Quick Start¶
Get up and running with LOESS in minutes.
Basic Smoothing¶
Smooth a noisy sine wave — the kind of signal where LOESS shines. Each example recovers the underlying trend from 100 points of Gaussian noise.
import fastloess as fl
import numpy as np
# 100-point noisy sine wave
rng = np.random.default_rng(42)
x = np.linspace(0, 2 * np.pi, 100)
y = np.sin(x) + rng.normal(0, 0.3, 100)
model = fl.Loess(fraction=0.3, iterations=3)
result = model.fit(x, y)
print(f"First smoothed value: {result.y[0]:.4f} (true: {np.sin(x[0]):.4f})")

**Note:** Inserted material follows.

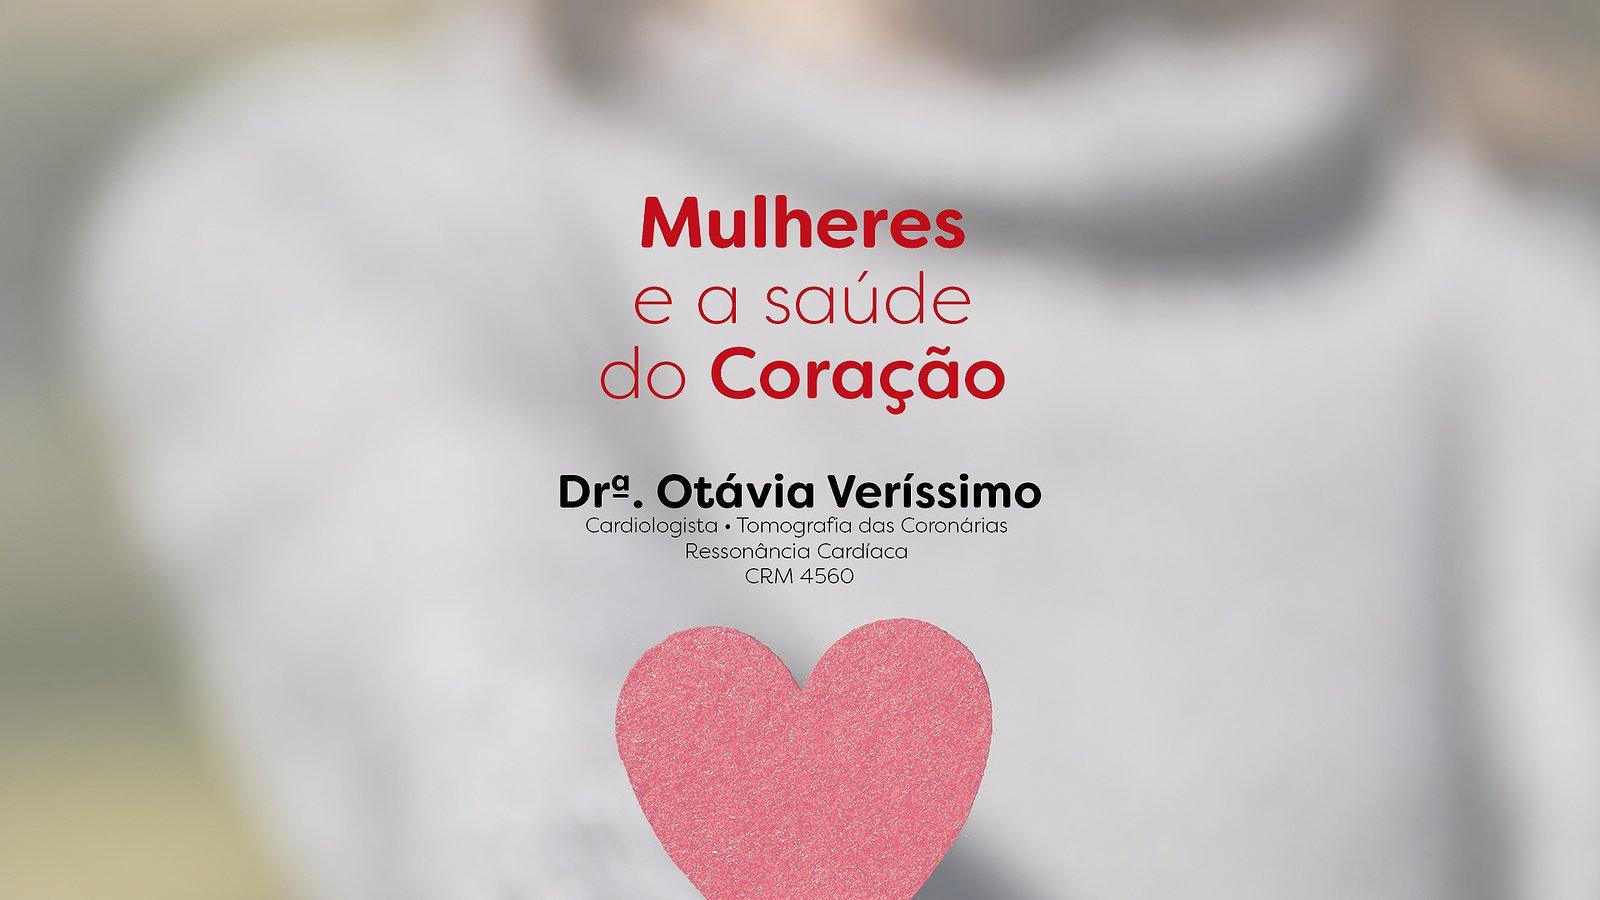 Mulheres e a saúde do Coração

use fastLoess::prelude::*;
use std::f64::consts::TAU;
fn main() -> Result<(), LoessError> {
// 100-point noisy sine wave (deterministic)
let n = 100usize;
let x: Vec<f64> = (0..n).map(|i| i as f64 * TAU / (n - 1) as f64).collect();
let y: Vec<f64> = x.iter().enumerate()
.map(|(i, &xi)| xi.sin() + ((i * 7 + 3) as f64 % 1.7 - 0.85) * 0.3)
.collect();
let model = Loess::new()
.fraction(0.3)
.iterations(3)
.build()?;
let result = model.fit(&x, &y)?;
println!("First smoothed: {:.4} (true: {:.4})", result.y[0], x[0].sin());
Ok(())
}
const { Loess } = require('fastloess');
// 100-point noisy sine wave
const n = 100;
const x = Float64Array.from({ length: n }, (_, i) => i * 2 * Math.PI / (n - 1));
const y = Float64Array.from(x, (xi, i) => Math.sin(xi) + (((i * 7 + 3) % 17) / 17 - 0.5) * 0.6);
const model = new Loess({ fraction: 0.3, iterations: 3 });
const result = model.fit(x, y);
console.log(`First smoothed: ${result.y[0].toFixed(4)} (true: ${Math.sin(x[0]).toFixed(4)})`);
import { Loess } from 'fastloess-wasm';
const n = 100;
const x = Float64Array.from({ length: n }, (_, i) => i * 2 * Math.PI / (n - 1));
const y = Float64Array.from(x, (xi, i) => Math.sin(xi) + (((i * 7 + 3) % 17) / 17 - 0.5) * 0.6);
const model = new Loess({ fraction: 0.3, iterations: 3 });
const result = model.fit(x, y);
console.log(`First smoothed: ${result.y[0].toFixed(4)}`);
#include <fastloess.hpp>
#include <cmath>
#include <iostream>
#include <vector>
int main() {
// 100-point noisy sine wave (deterministic)
const int n = 100;
std::vector<double> x(n), y(n);
for (int i = 0; i < n; ++i) {
x[i] = i * 2 * M_PI / (n - 1);
y[i] = std::sin(x[i]) + ((i * 7 + 3) % 17 / 17.0 - 0.5) * 0.6;
}
fastloess::Loess model({ .fraction = 0.3, .iterations = 3 });
auto result = model.fit(x, y).value();
std::cout << "First smoothed: " << result.y_vector()[0]
<< " (true: " << std::sin(x[0]) << ")\n";
return 0;
}
With Confidence Intervals¶
model = fl.Loess(
fraction=0.5,
iterations=3,
confidence_intervals=0.95,
prediction_intervals=0.95,
return_diagnostics=True
)
result = model.fit(x, y)
print("Smoothed:", result.y)
print("CI Lower:", result.confidence_lower)
print("CI Upper:", result.confidence_upper)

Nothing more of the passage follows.